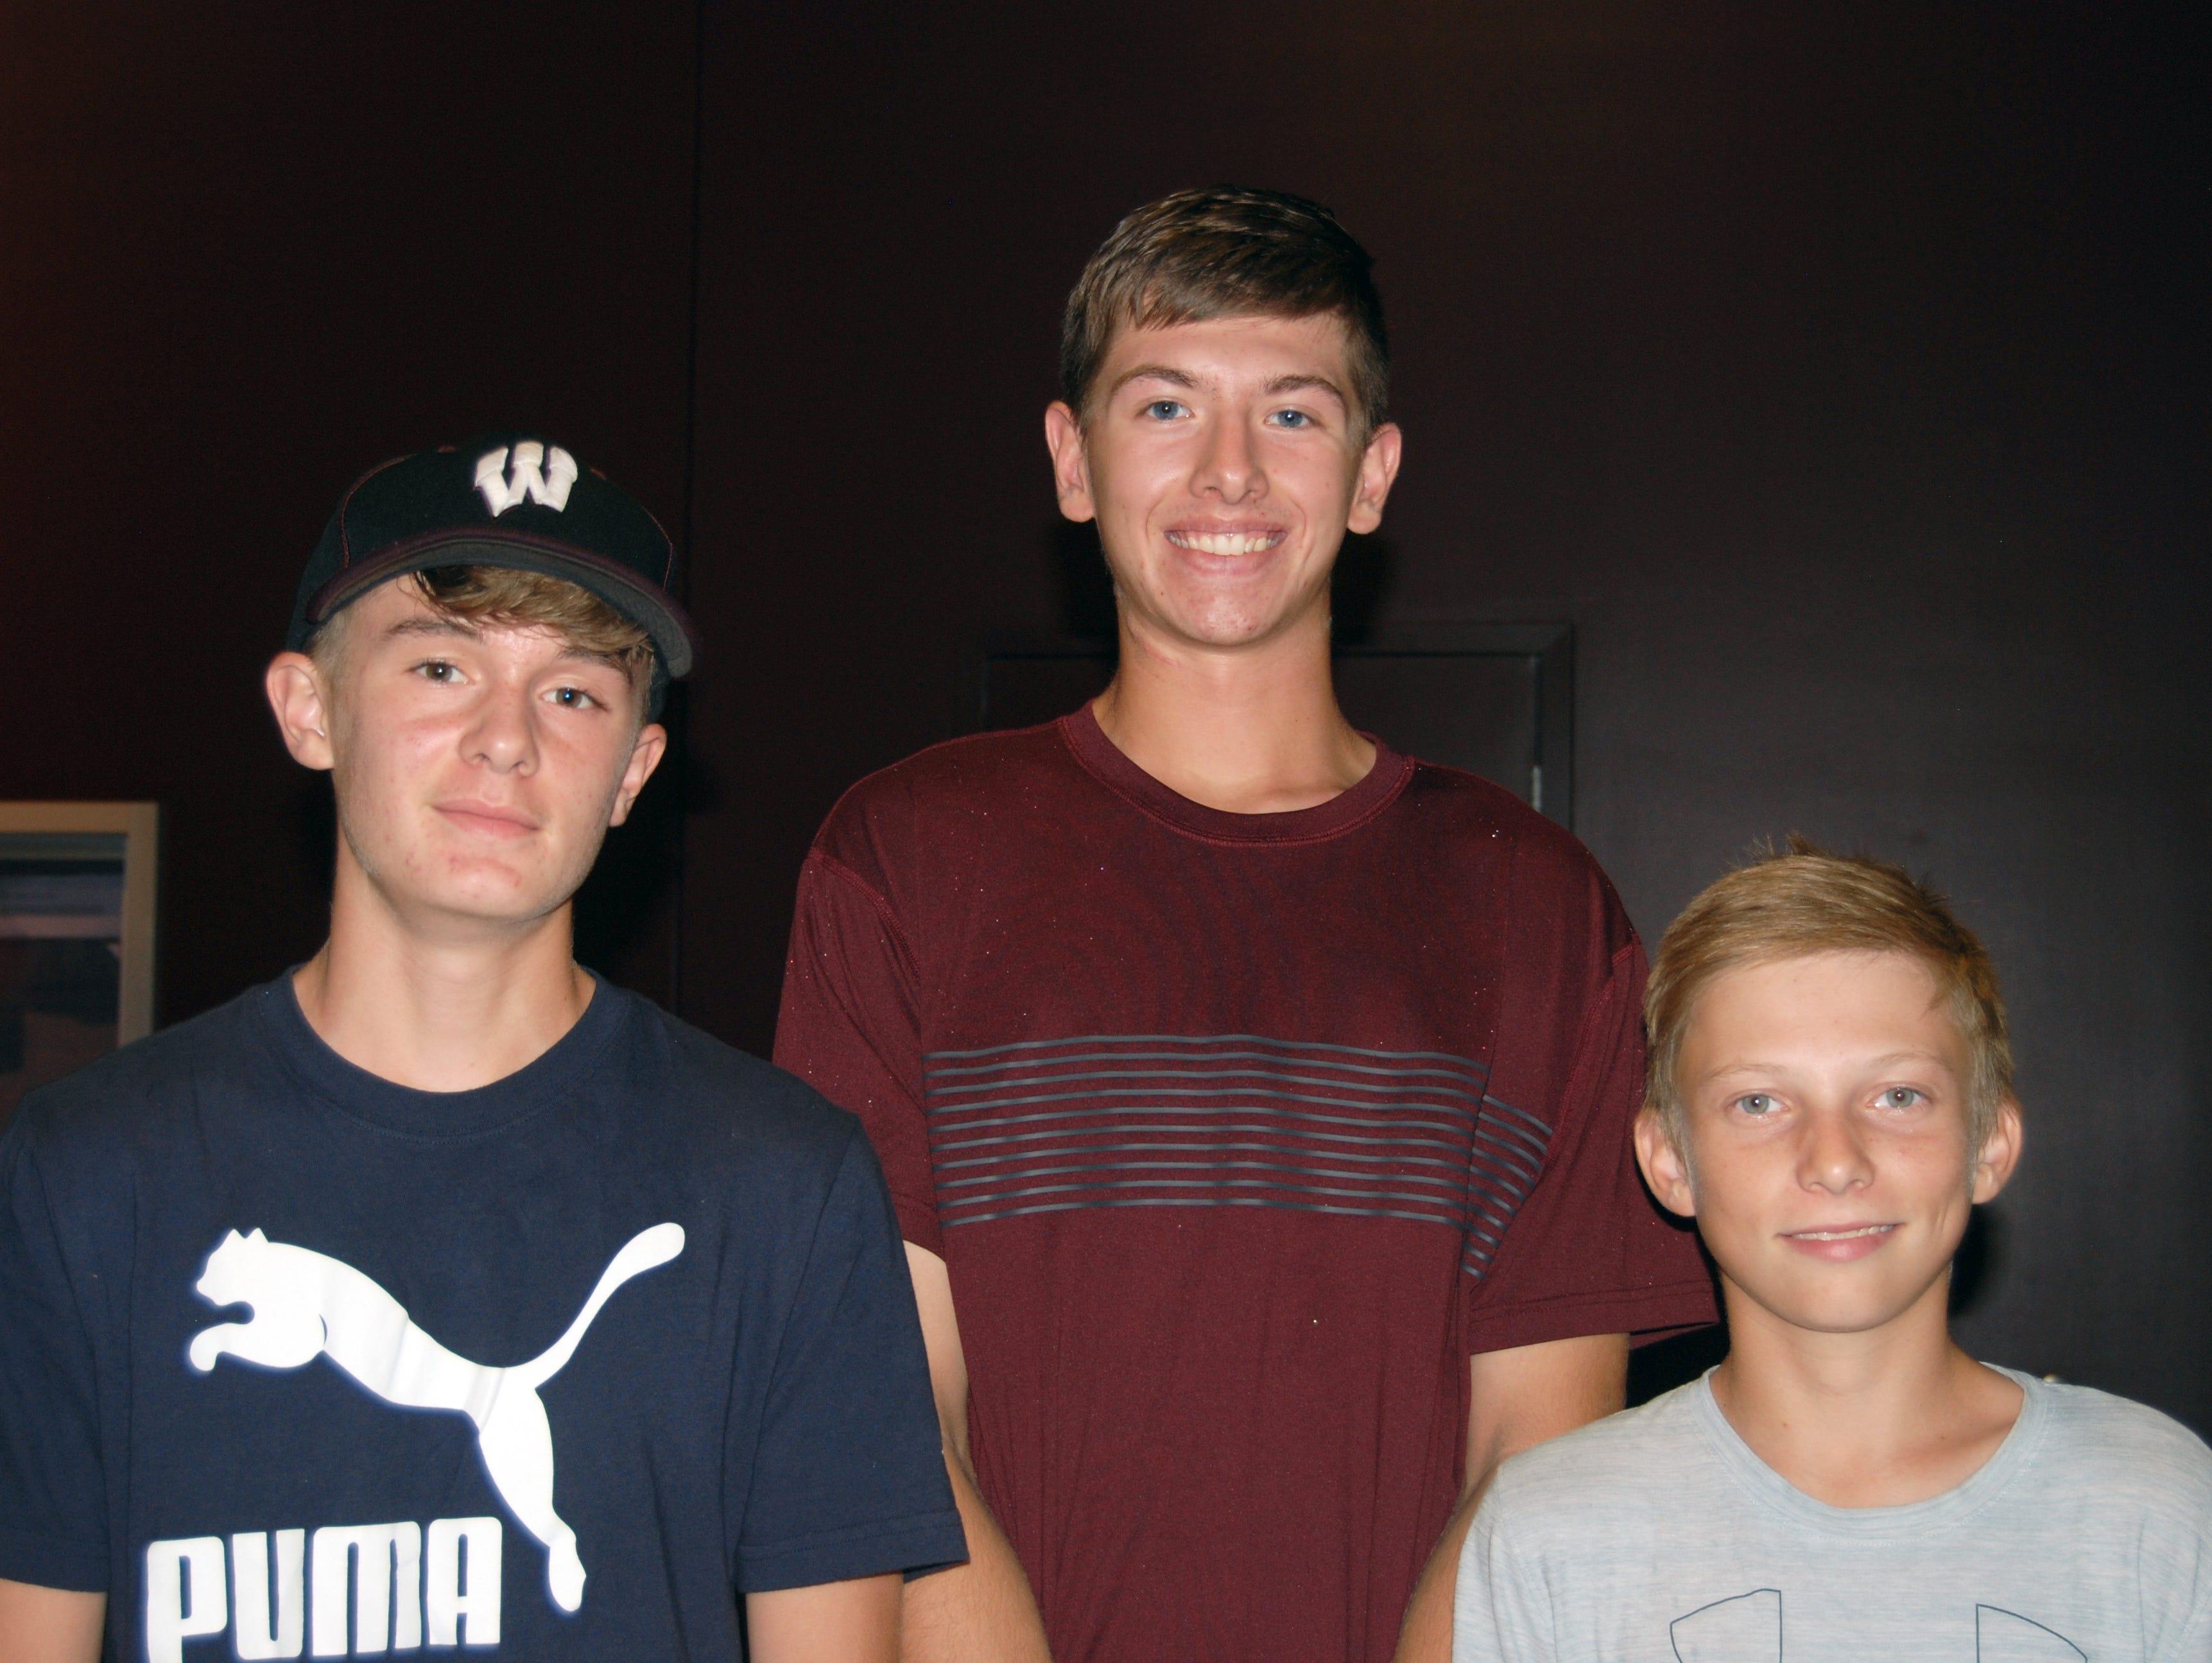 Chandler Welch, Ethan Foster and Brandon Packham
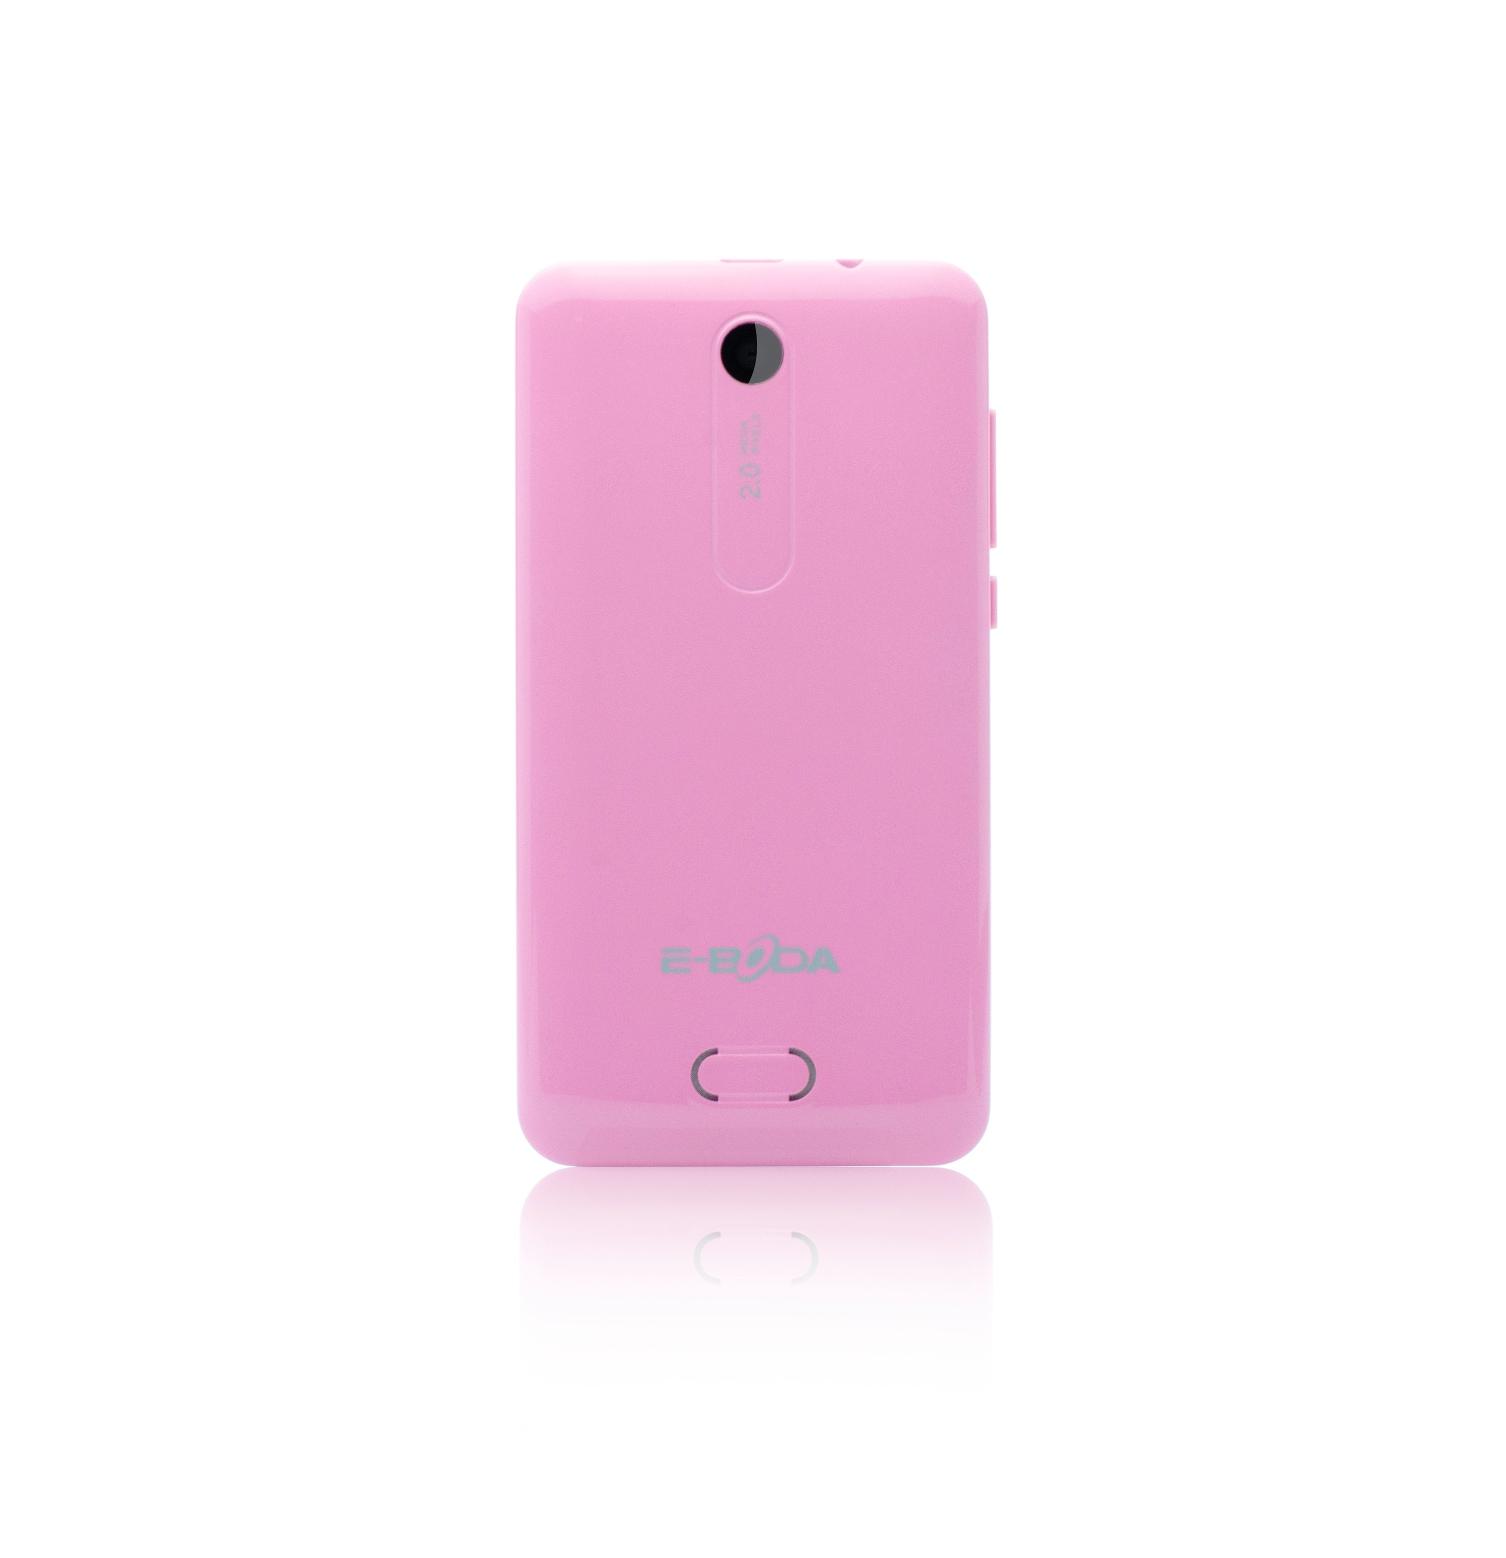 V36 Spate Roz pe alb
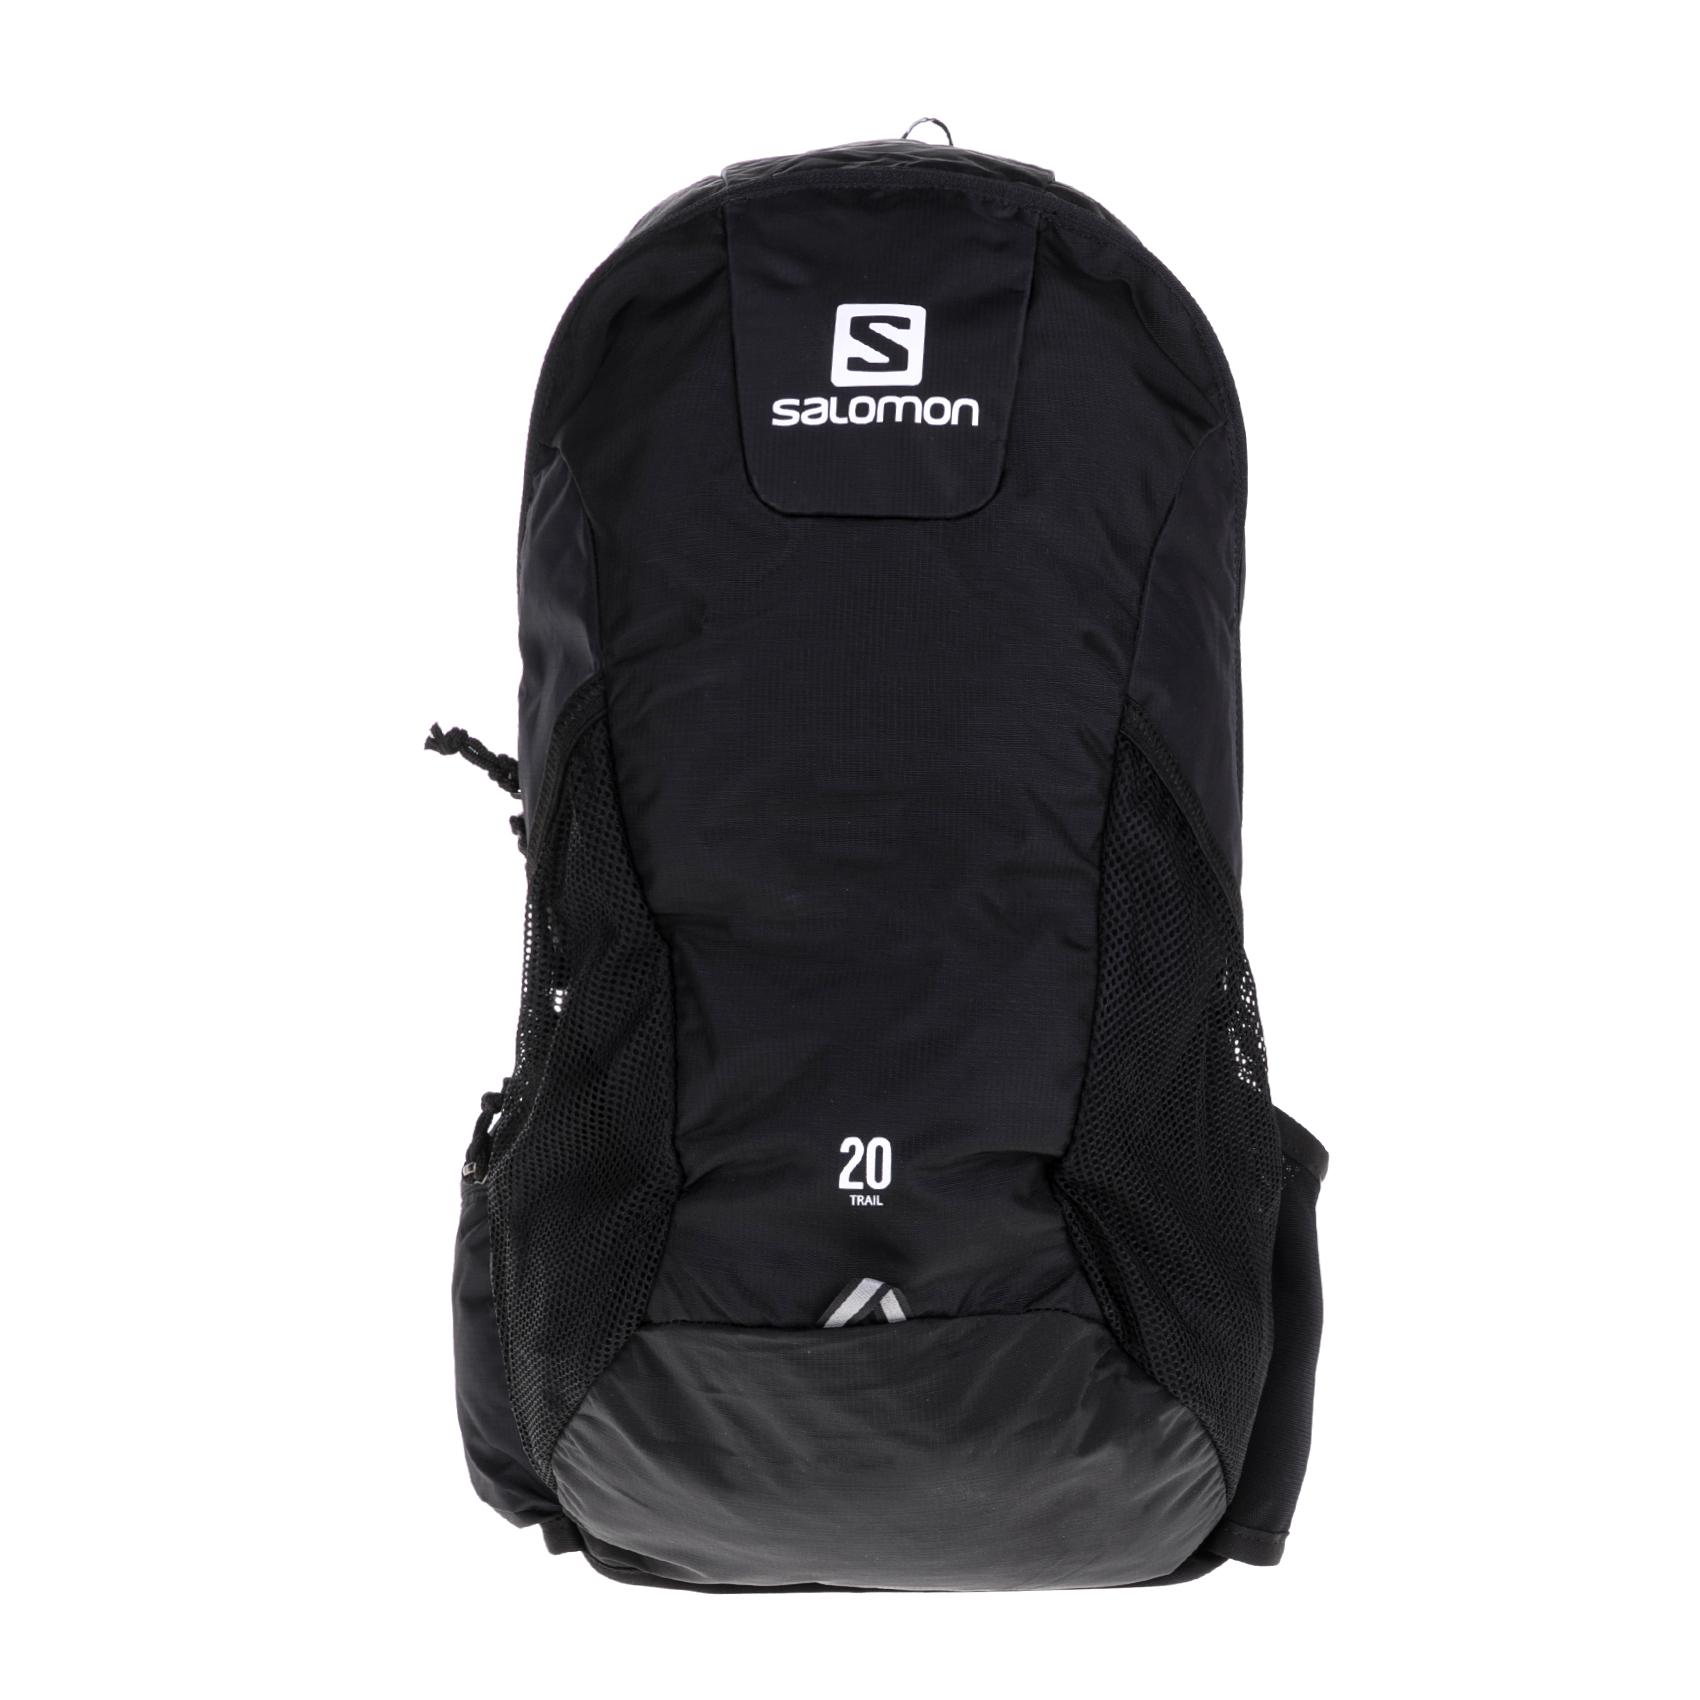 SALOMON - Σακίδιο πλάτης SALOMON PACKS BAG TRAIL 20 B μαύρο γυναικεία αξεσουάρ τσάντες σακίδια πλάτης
====================
### Exercise details
Please print the listing above again word for word, without its pictures.

### Expected answer
 Chandler Welch, Ethan Foster and Brandon Packham
 V36 Spate Roz pe alb
 SALOMON - Σακίδιο πλάτης SALOMON PACKS BAG TRAIL 20 B μαύρο γυναικεία αξεσουάρ τσάντες σακίδια πλάτης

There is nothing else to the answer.